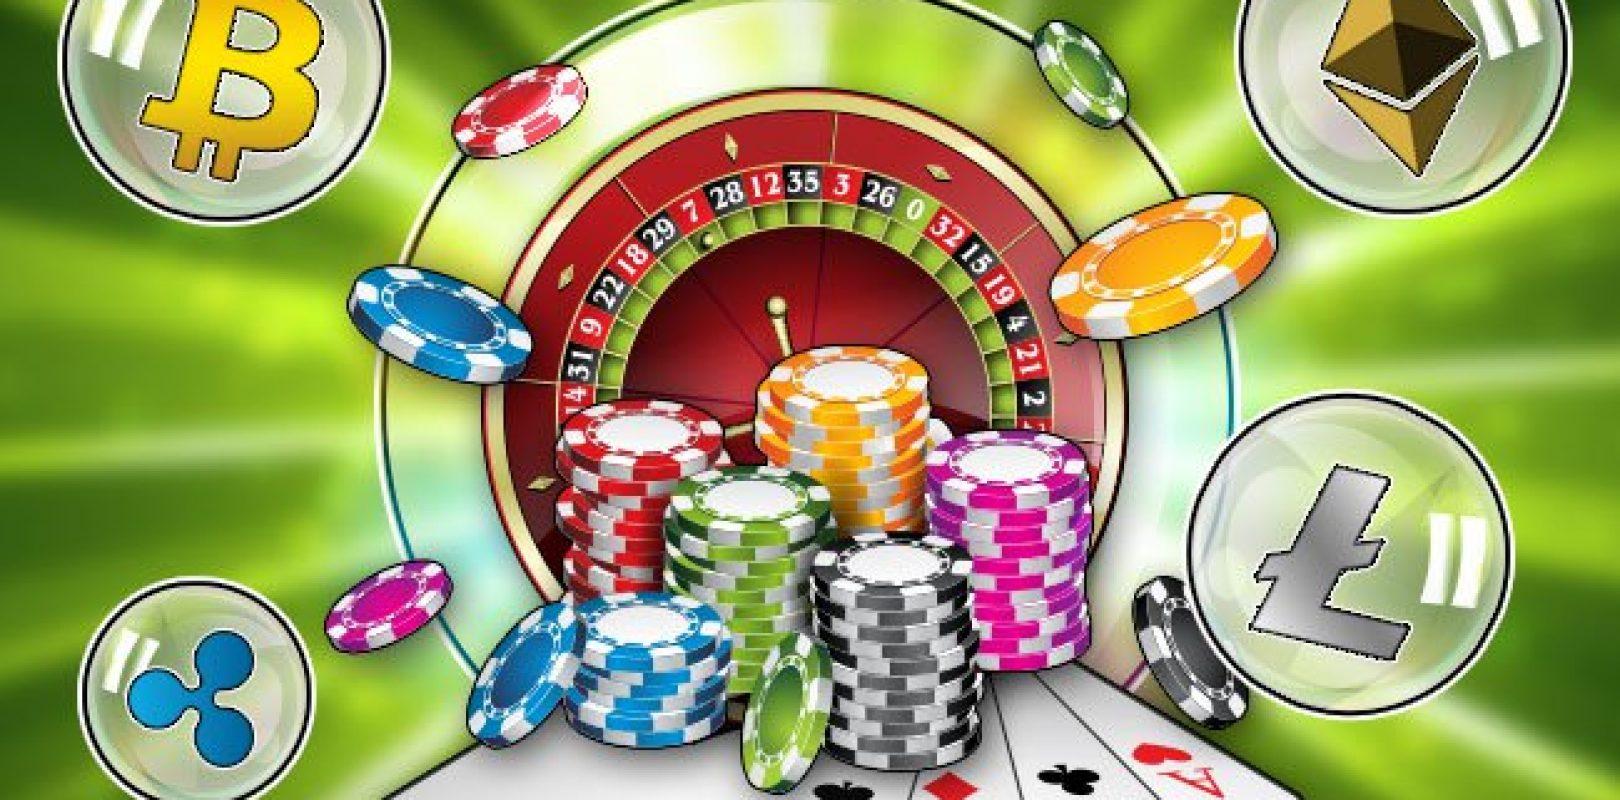 G casino bury new rd
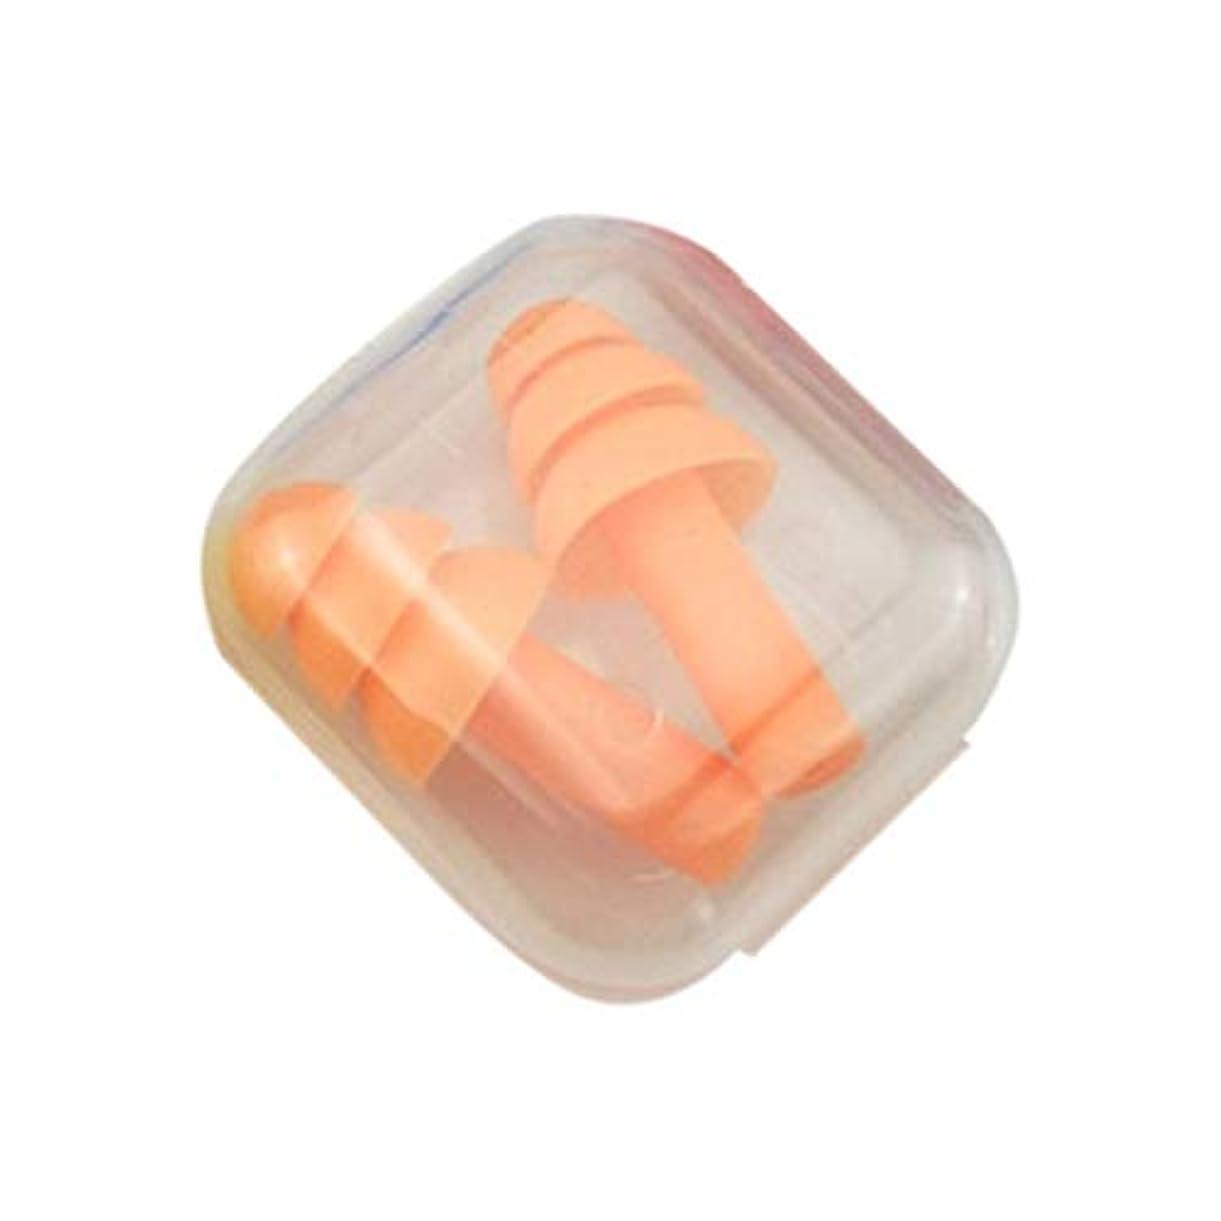 費やす言語粒柔らかいシリコーンの耳栓遮音用耳の保護用の耳栓防音睡眠ボックス付き収納ボックス - オレンジ
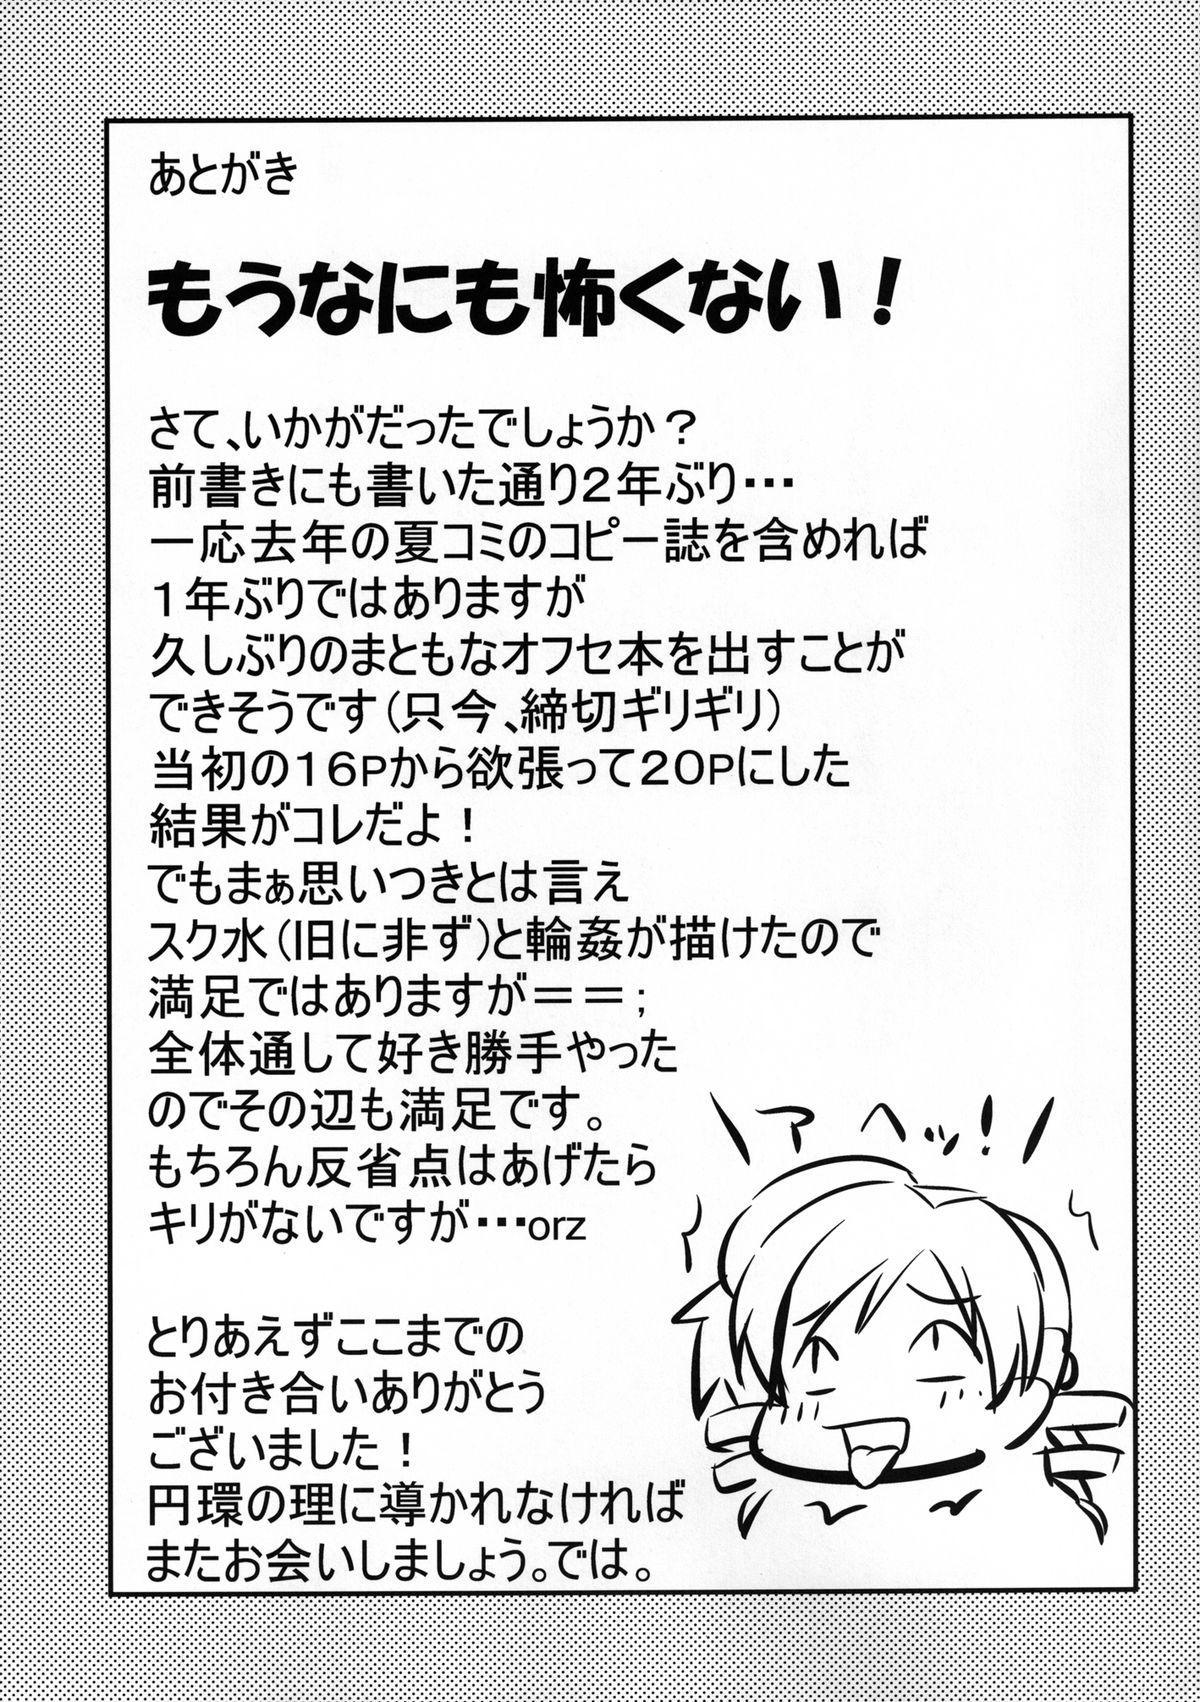 Mahou Shoujo Tomoe Bitch 23
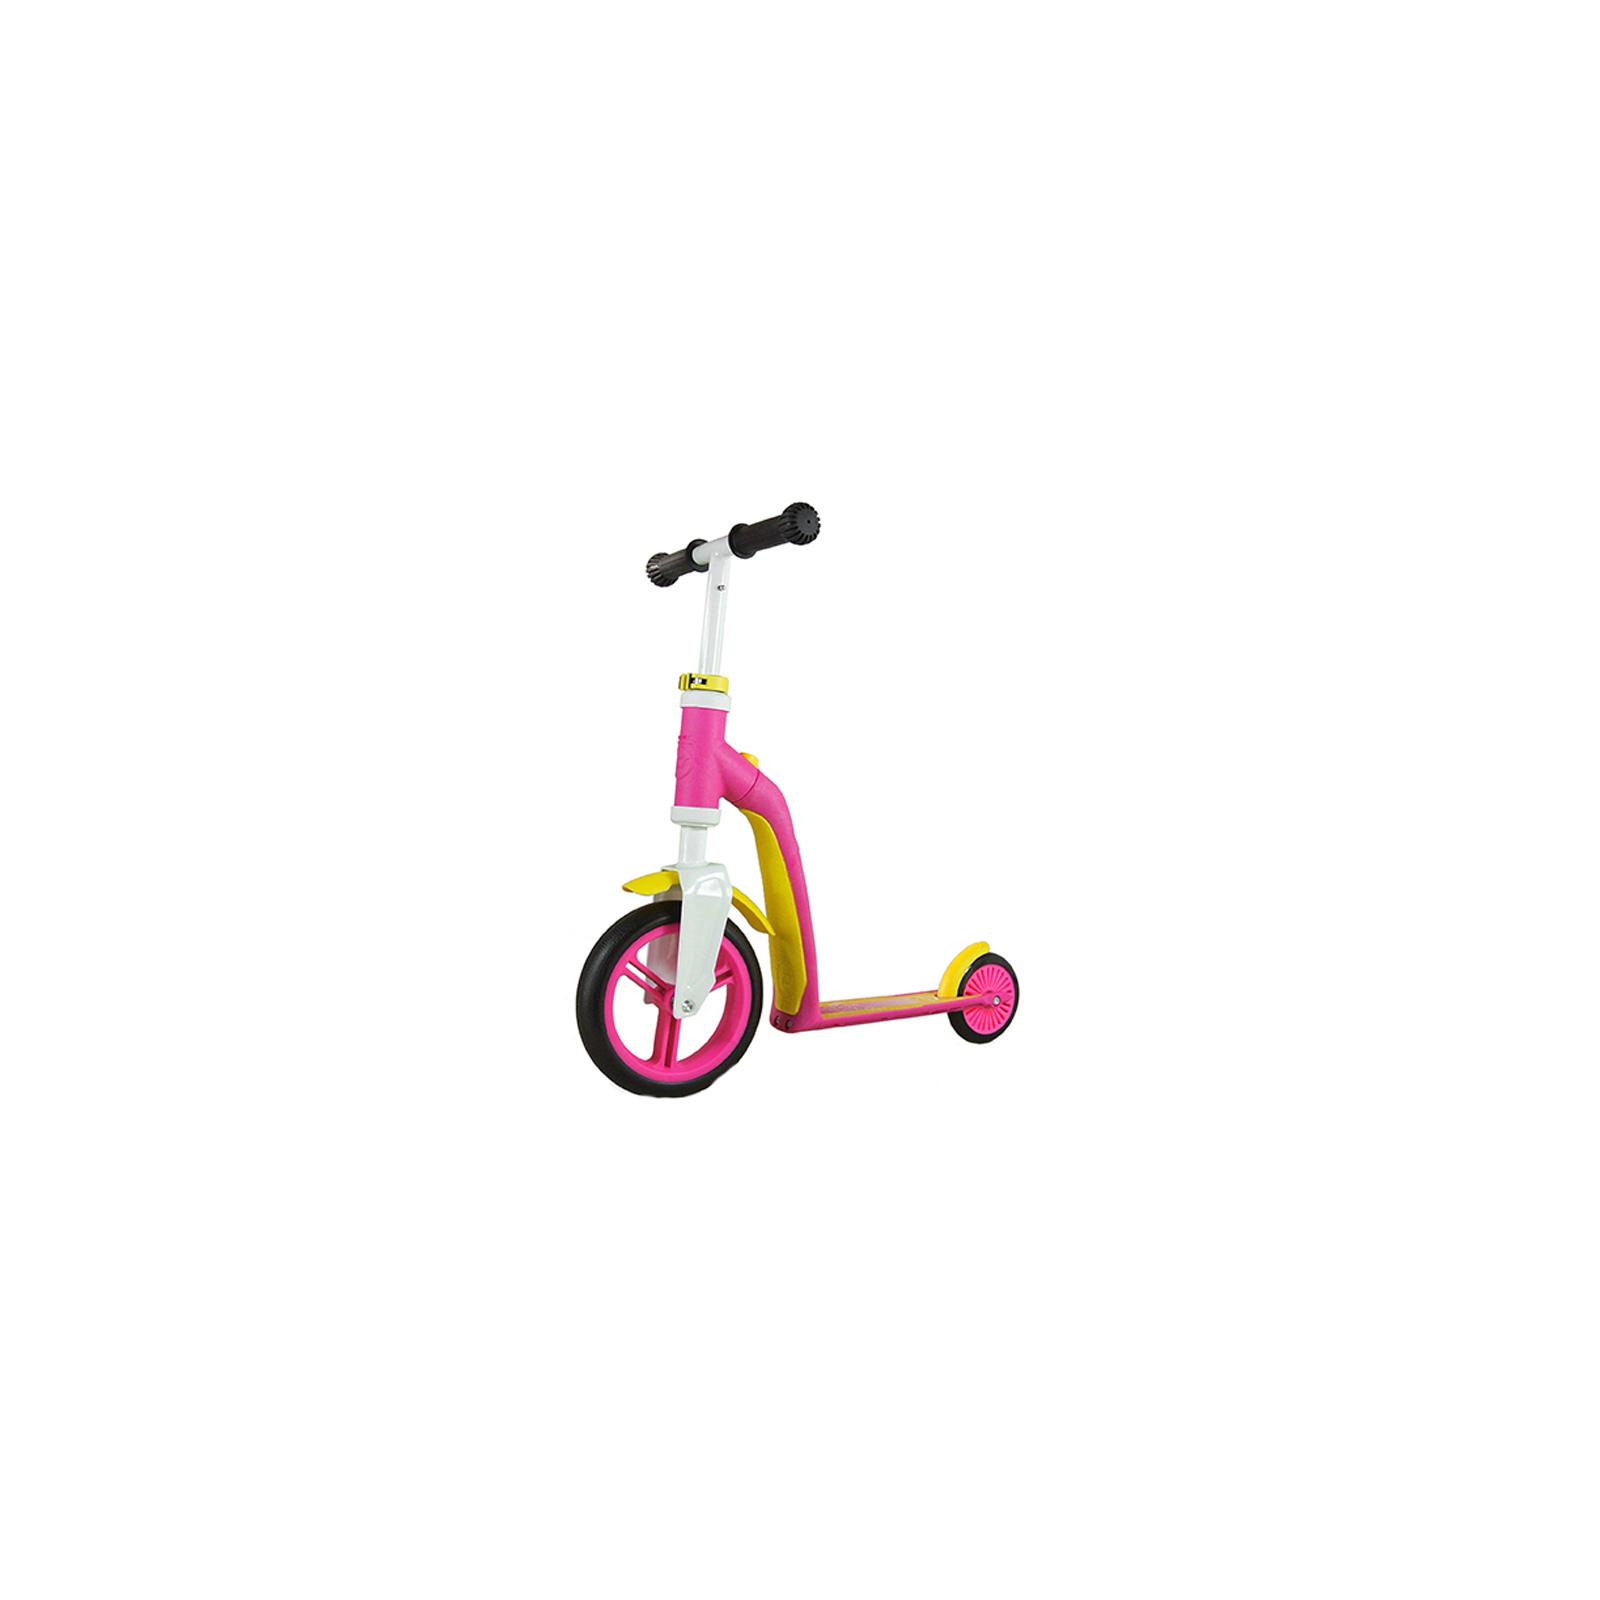 Скутер Scoot&Ride Highwaybaby розово-желтый (SR-216271-PINK-YELLOW) изображение 5
:::::
→ **Exercise details**
Working from the line containing "Mahou Shoujo Tomoe Bitch 23" to the last line of the data, retype every line exactly, both ends included, and leave out all pictures.

→ **Task output**
 Mahou Shoujo Tomoe Bitch 23
 Скутер Scoot&Ride Highwaybaby розово-желтый (SR-216271-PINK-YELLOW) изображение 5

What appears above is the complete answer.